Tracking your experiments
Any good scientist knows exactly what he is working on. He knows every experiment that is running anticipating the outcome. He knows all the details about each change that has been made to see how they impact the outcome. This is the same way that IT should be tracking every change happening.
Every change done in IT is a scientific experiment running. Tracking every change allows for understanding of the outcome of changes within the application. Developers and Operations will be more informed about the cause and effect of their changes. There are multiple different ways that you can track changes but the key is that you are doing it very well before you start to apply automation.
Measuring the outcome
There is no need to track the experiments if there are not being measured. A scientist is very deliberate in how they measure the outcomes. Good enough just does not get this done. This is beyond just monitoring. Monitoring in a lot of cases is after the fact, in production. This is about measuring the difference for every experiment regardless of where it is being tests. This creates the need to test changes all the way to when the first functional tests are done, measuring the changes of every code update. Following it through all of testing and to production.

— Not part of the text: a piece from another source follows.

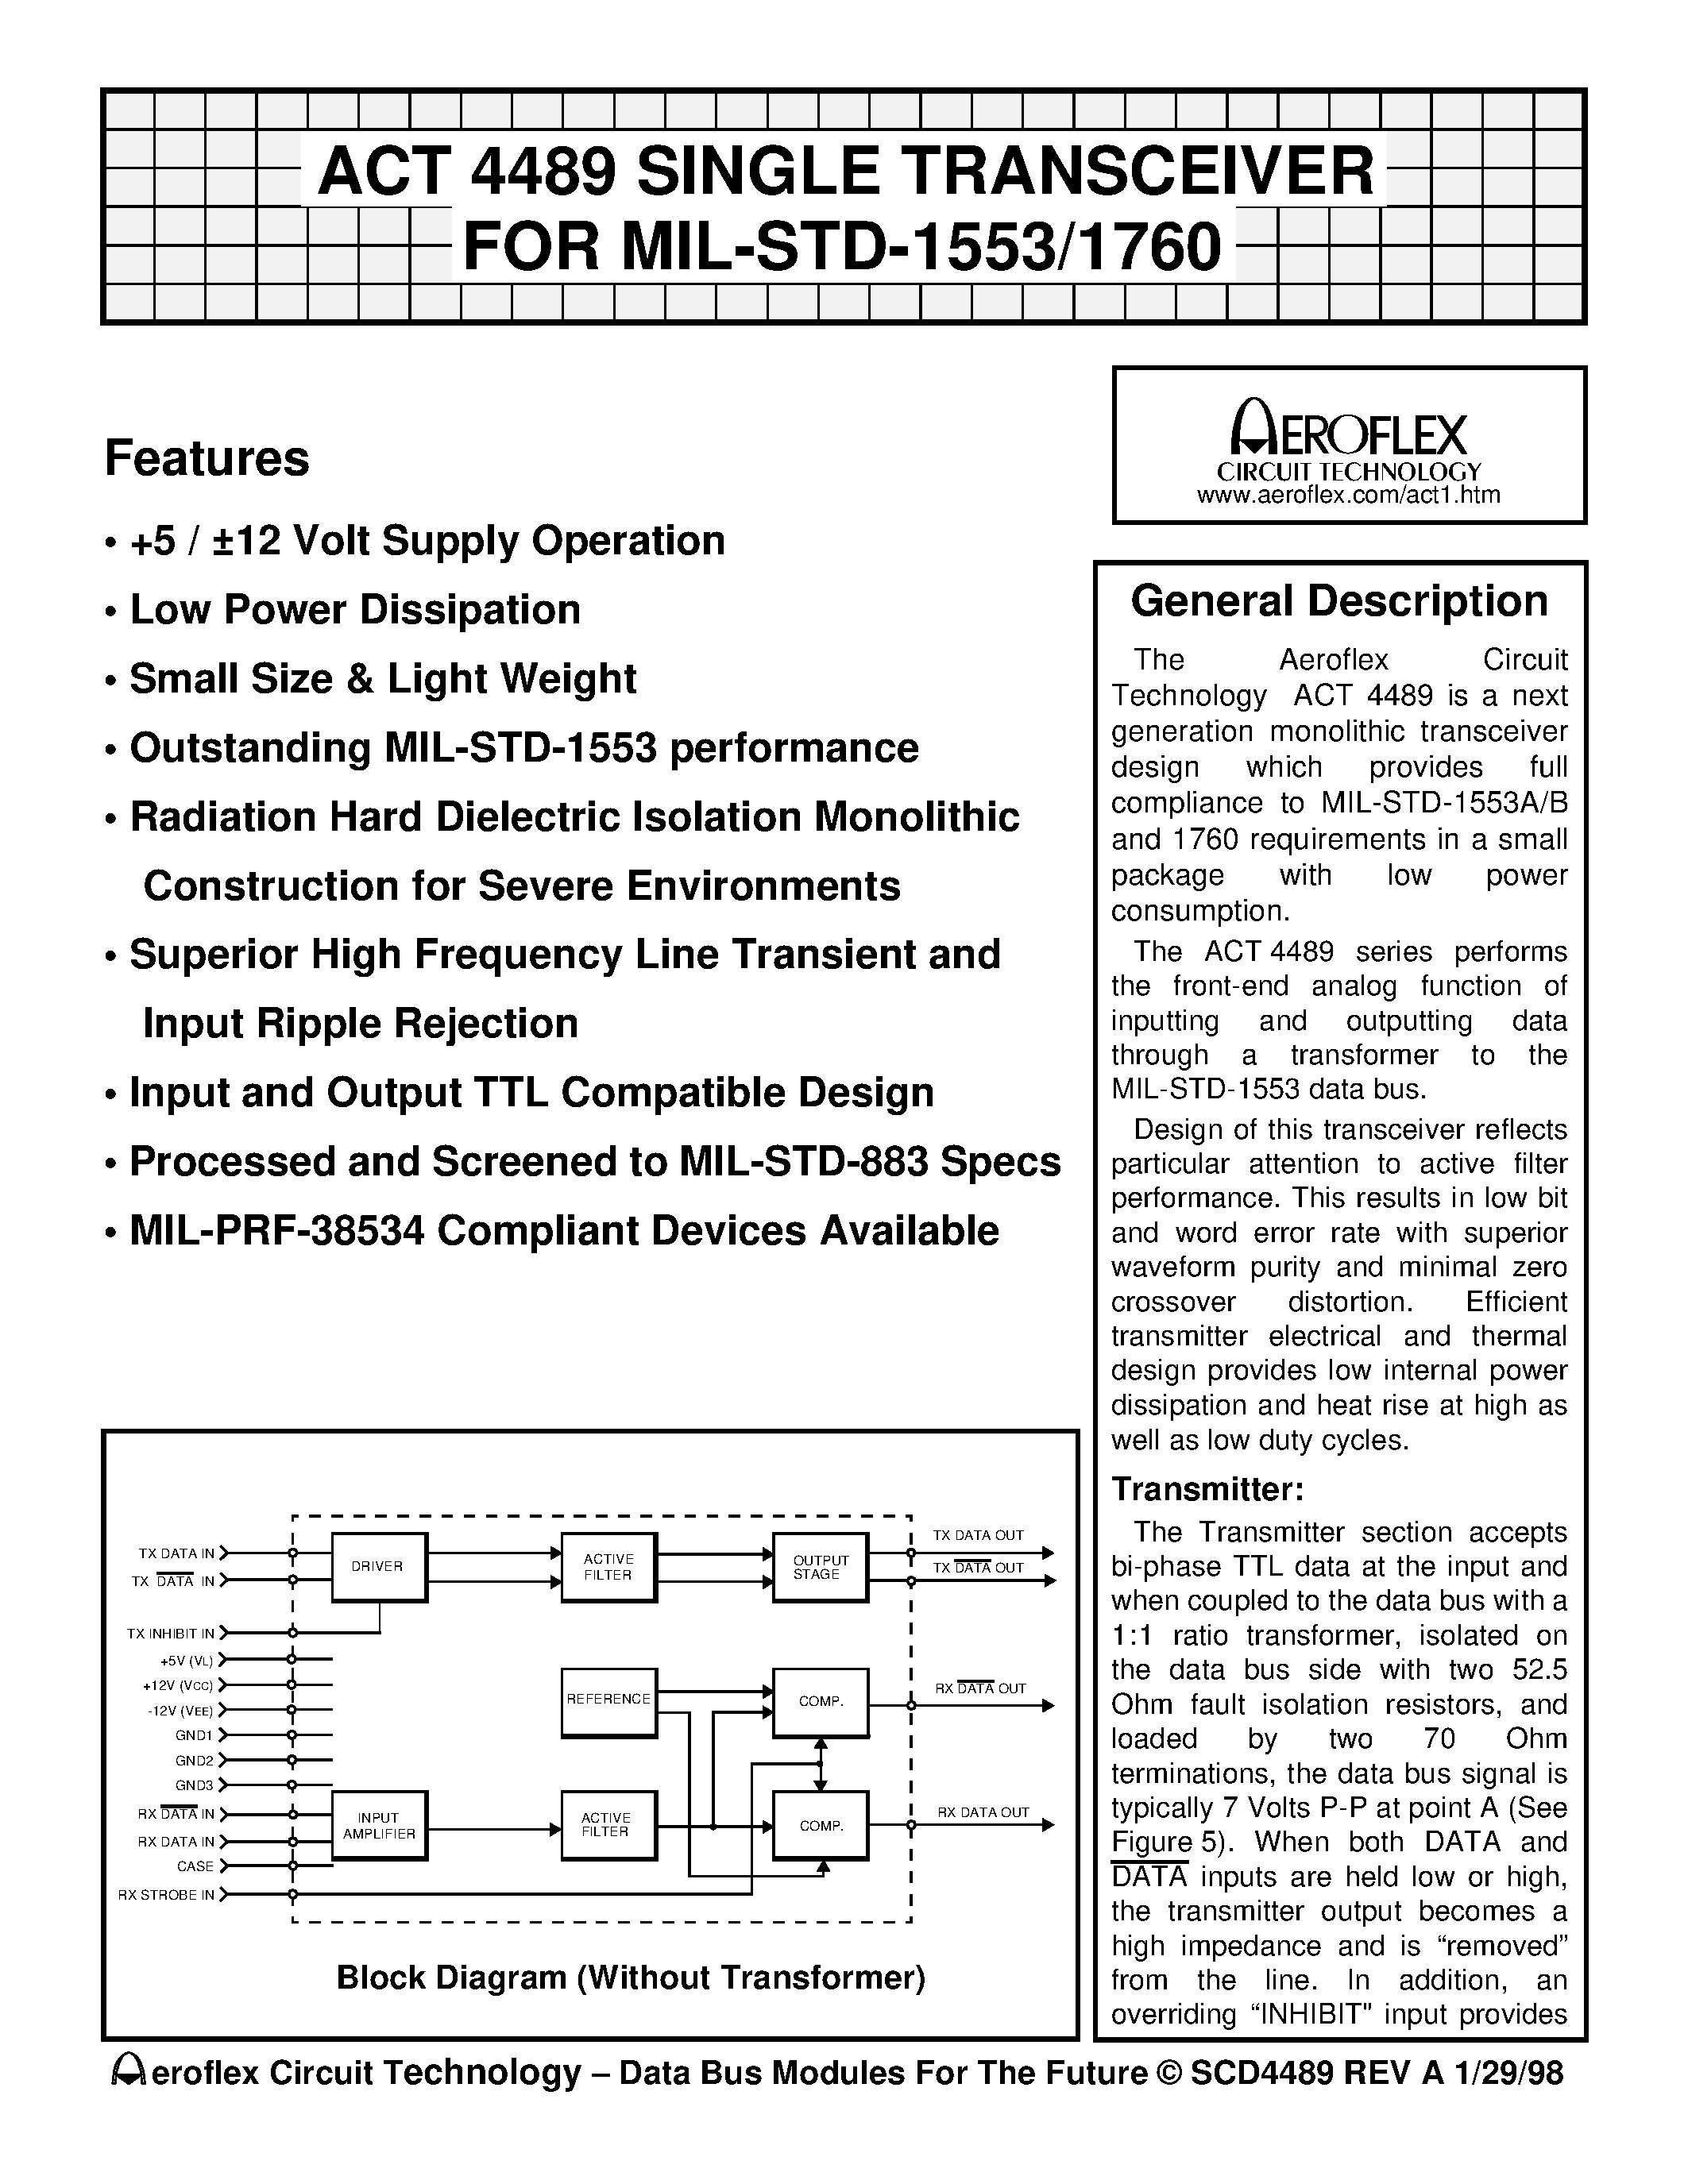 Datasheet ACT4489-F - ACT 4489 SINGLE TRANSCEIVER FOR MIL-STD-1553/1760 page 1

Understanding how each experiment impacts the system as a whole.
Efficiency through automation
Once there is good understanding of all the experiments and a standard platform for measuring the outcome then automation starts to return exponential benefit. Because every experiment it known the lower priority ones can be identified and automated. Risk is better assessed. Processes can start to speed up because there is visibility and accountability. Applications are no longer classified as high risk or low risk only change is classified that way. Determining what can be automated just becomes another experiment that is tried and measured for success and and failure. Automation becomes just another outcome of DevOps to the business and not the route to achieve it.